Rätseltechnisch werden einem keine Kunststücke abverlangt. Das meiste wird einem direkt verraten, was allerdings nicht bedeutet, das es alles Sinn ergäbe. So setzt das Spiel beispielsweise voraus, dass es überhaupt auf der Welt nur eine einzige Art von Sicherung gibt, dass billige Batterien jahrzehntelang halten und dass es in der Zukunft nicht nur keine Atomkraft, sondern auch keine Schaufeln mehr gibt. Computerviren zerstören munter Daten auf schreibgeschützten Datenträgern. Am schlimmsten ist jedoch, dass sehr viele notwendigen Handlungen völlig unmotiviert bleiben.

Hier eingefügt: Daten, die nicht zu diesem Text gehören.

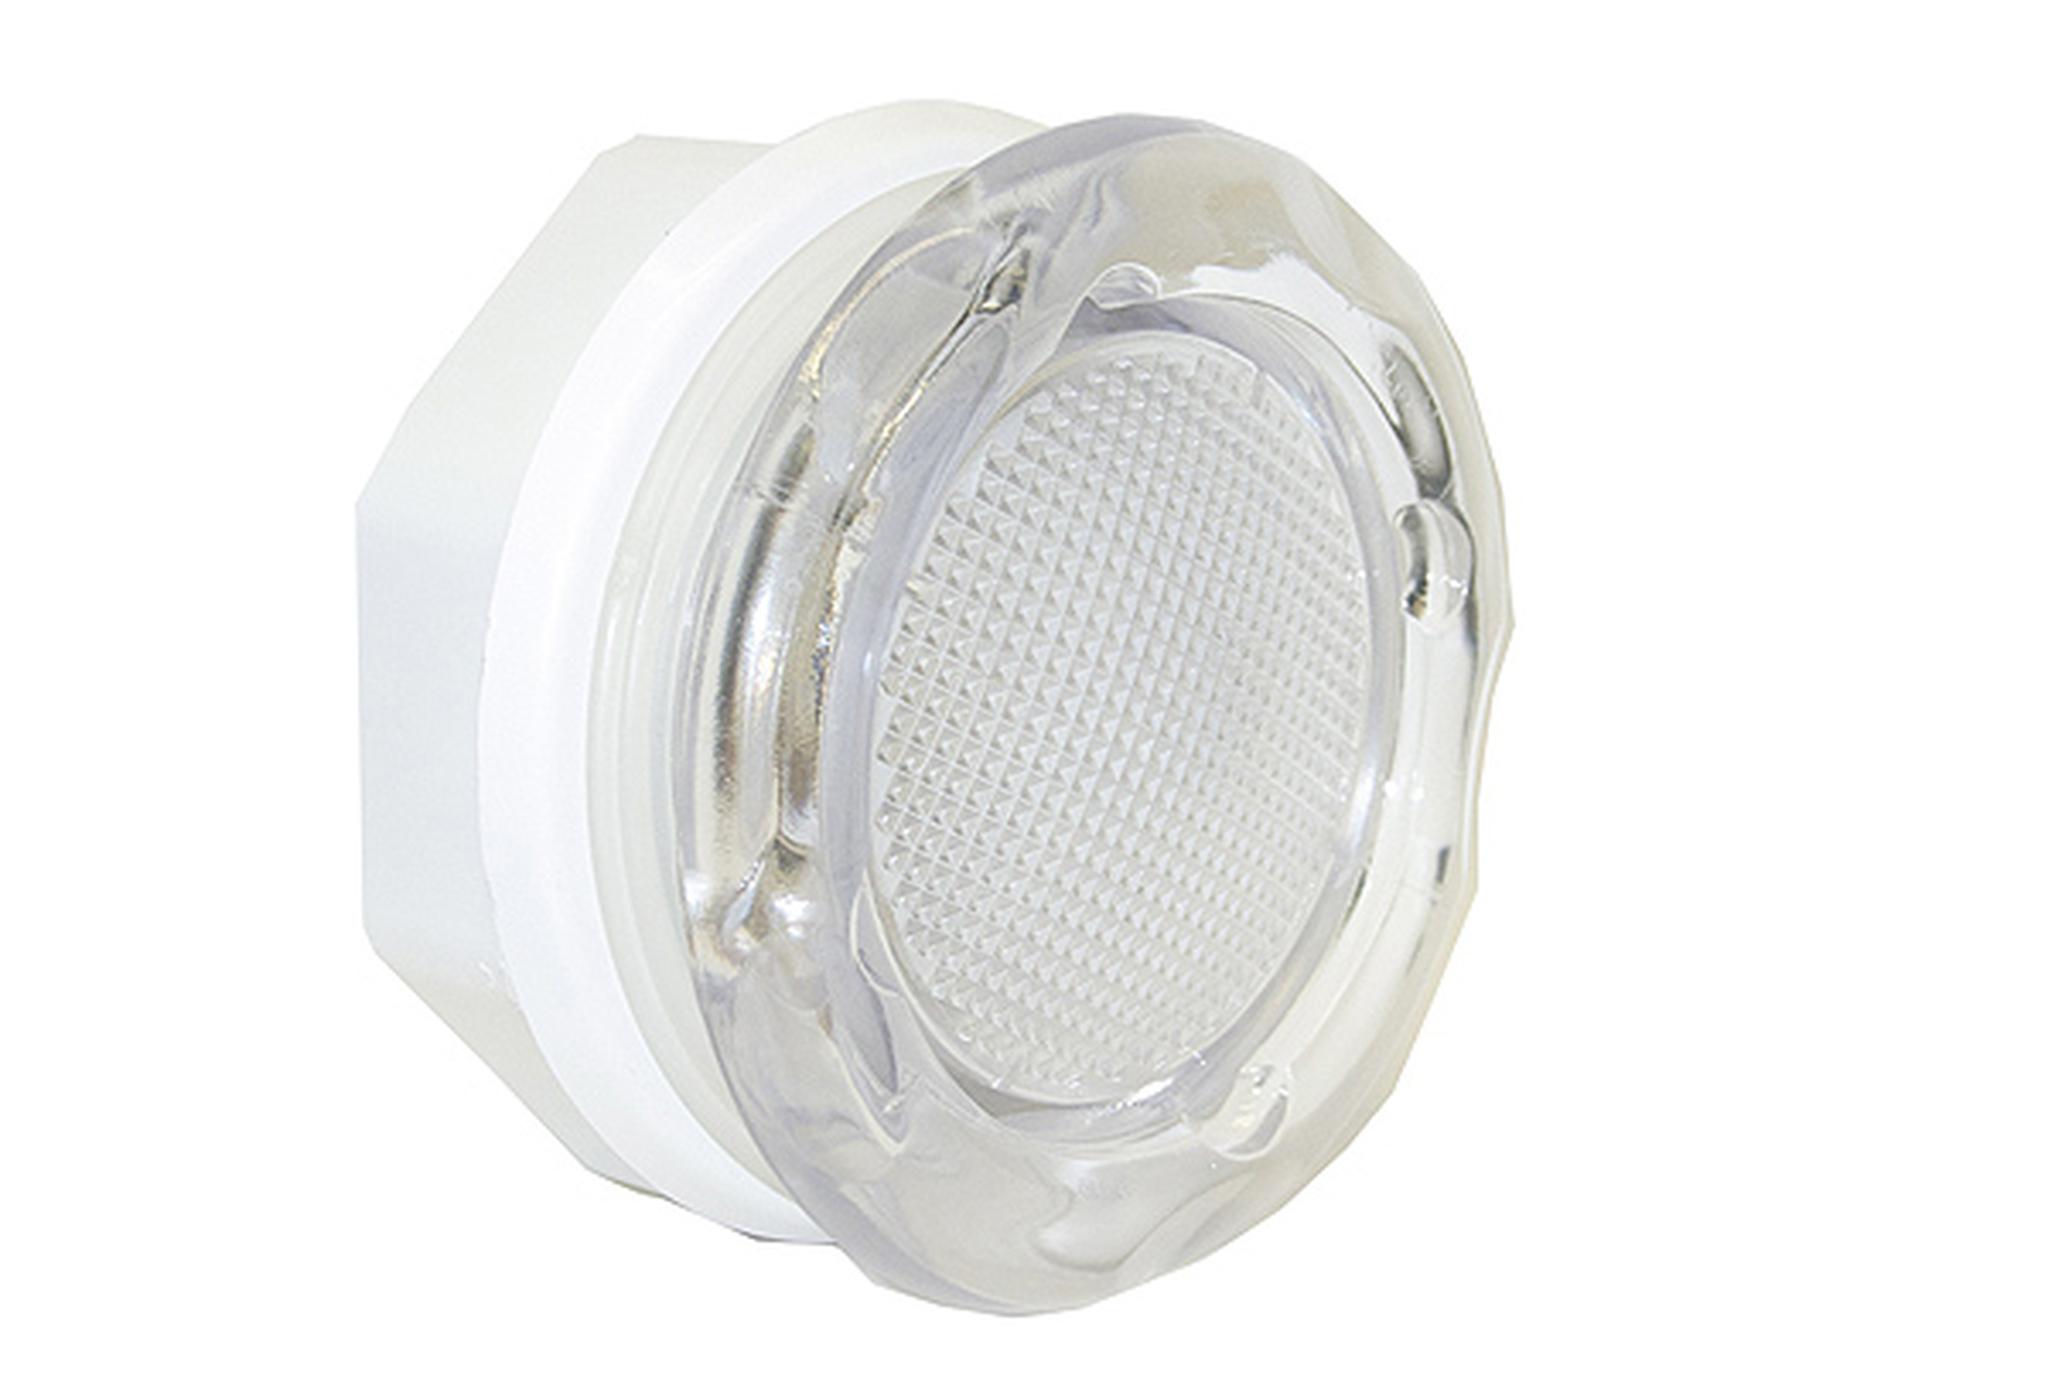 Lights & Light kits

Was bleibt noch zu sagen? Der Werbeanteil des Spiels ist erträglich (hauptsächlich diverse Informationen zur technischen Seite der Kernenergie auf Schulniveau - die politische Diskussion wird zum Glück komplett ausgespart), allerdings wird für eine moralisch absolut verwerfliche Sache geworben (immerhin marginal besser als Militärwerbespiele). Letzteres, gepaart mit der absoluten technischen Inkompetenz des Spiels (von der in diesem Rahmen natürlich nur die Spitze des Eisbergs beschrieben wurde) und dem Mangel jeglicher positiver Aspekte, lassen keine andere Wahl, als die Niedrigstwertung zu vergeben. Strahlte das Spiel entweder moralische oder technische Kompetenz aus, hätte man gnädig noch etwas höher gehen können.